Nell’ultima settimana piena prima dell’inizio del semestre bianco il Governo ha concentrato la sua azione sul raggiungimento di un’intesa sulla riforma della giustizia, ritenuta fondamentale anche alla luce degli impegni presi dall’Italia nel Piano nazionale di ripresa e resilienza. Questo intenso lavoro di mediazione ha portato all’accantonamento di altri importanti dossier. Non solo quello relativo alla riforma degli ammortizzatori sociali, cruciale in vista del pieno sblocco dei licenziamenti al termine del ricorso alla Cig per le aziende in crisi, ma anche quelli inerenti la riforma fiscale e il ddl concorrenza, considerati anch’essi importanti in chiave Pnrr.
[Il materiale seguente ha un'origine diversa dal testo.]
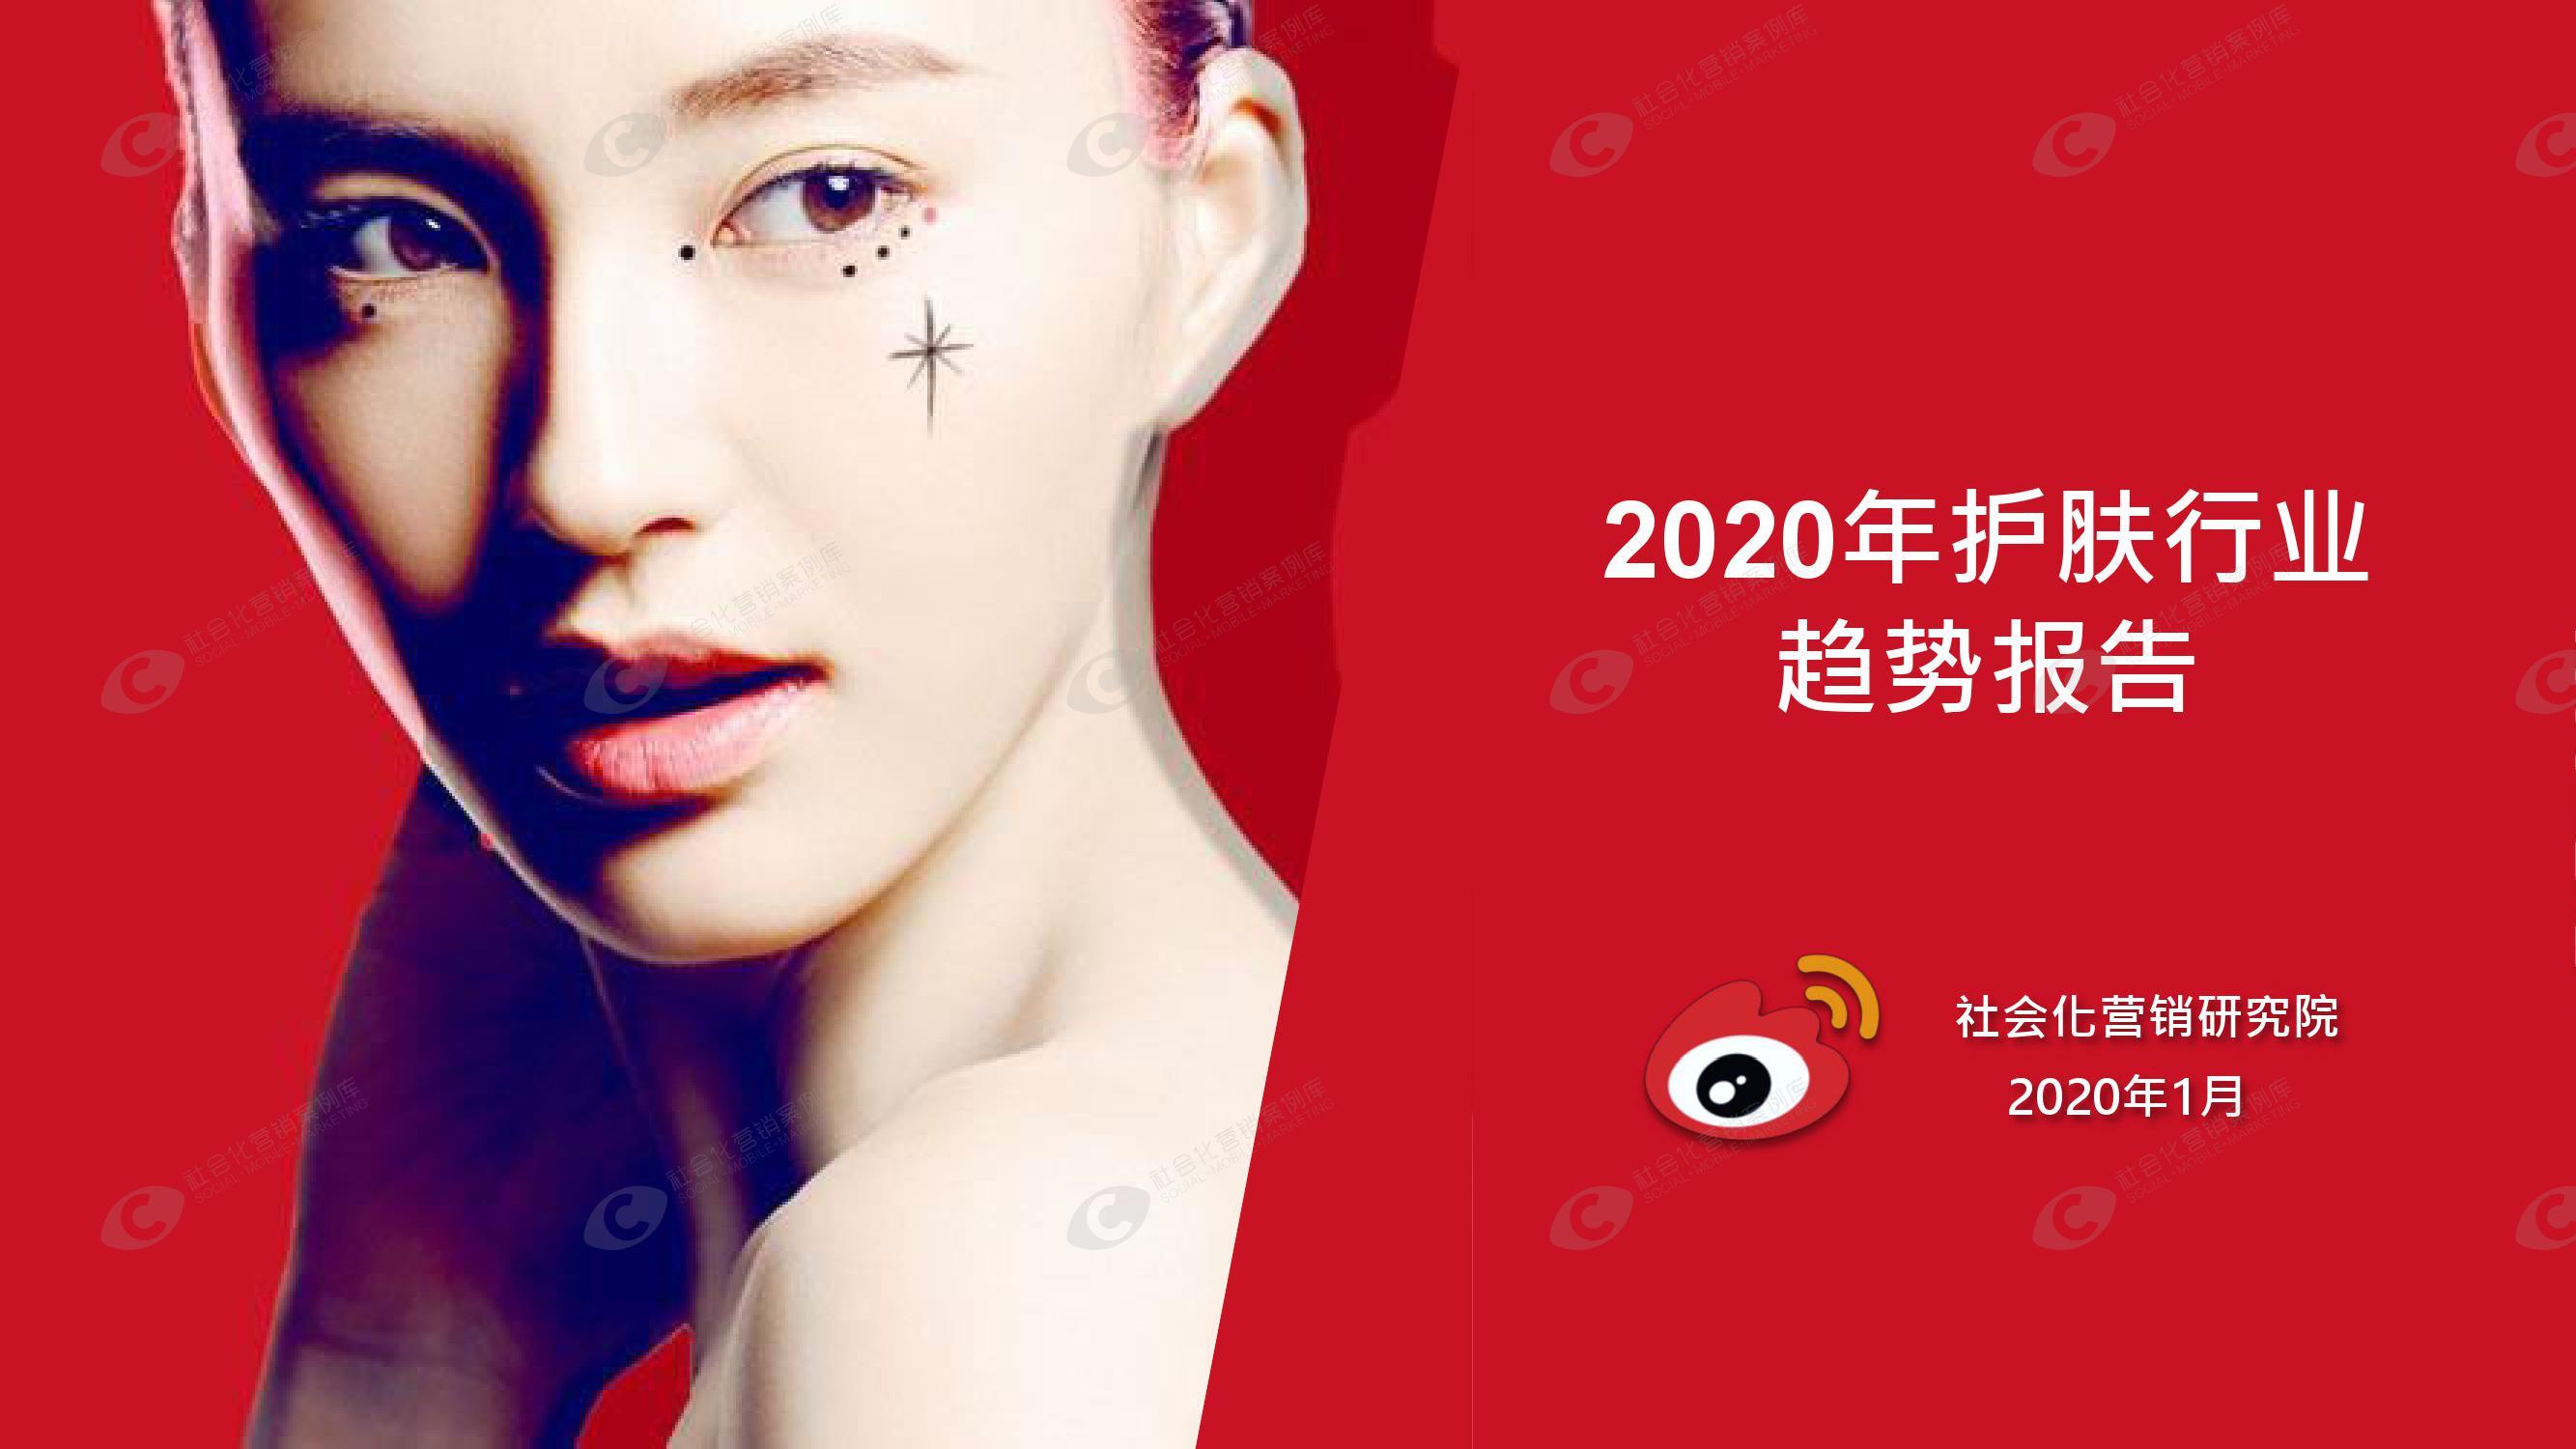 微博社会化营销:2020护肤行业趋势研究白皮书(附下载)

Secondo Francesco Forte, ex ministro delle Finanze e per il Coordinamento delle politiche comunitarie per quanto riguarda la riforma della giustizia «il rischio è di farla, ma male. A mio avviso, e lo dico da figlio e nipote di magistrati, il punto fondamentale che manca, e che difficilmente potrà essere inserito, è la cancellazione dell’avanzamento automatico delle carriere dei magistrati. Il fatto invece che si vada verso uno slittamento della riforma fiscale mi sembra positivo».
Perché?
Perché una riforma fiscale fatta da un Governo di unità nazionale sarebbe frutto di un accordo tra i partiti. Io credo che tutto questo abbia poco senso visto che nel centrodestra prevale, con tesi diverse, la flat tax, mentre nel centrosinistra l’imposta progressiva. Aiuterebbe molto anche la detassazione di alcuni contratti di lavoro, ma anche in questo caso non c’è veduta comune nella maggioranza. Anche per questo credo che la riforma fiscale dovrebbe essere fatta da chi vincerà le elezioni.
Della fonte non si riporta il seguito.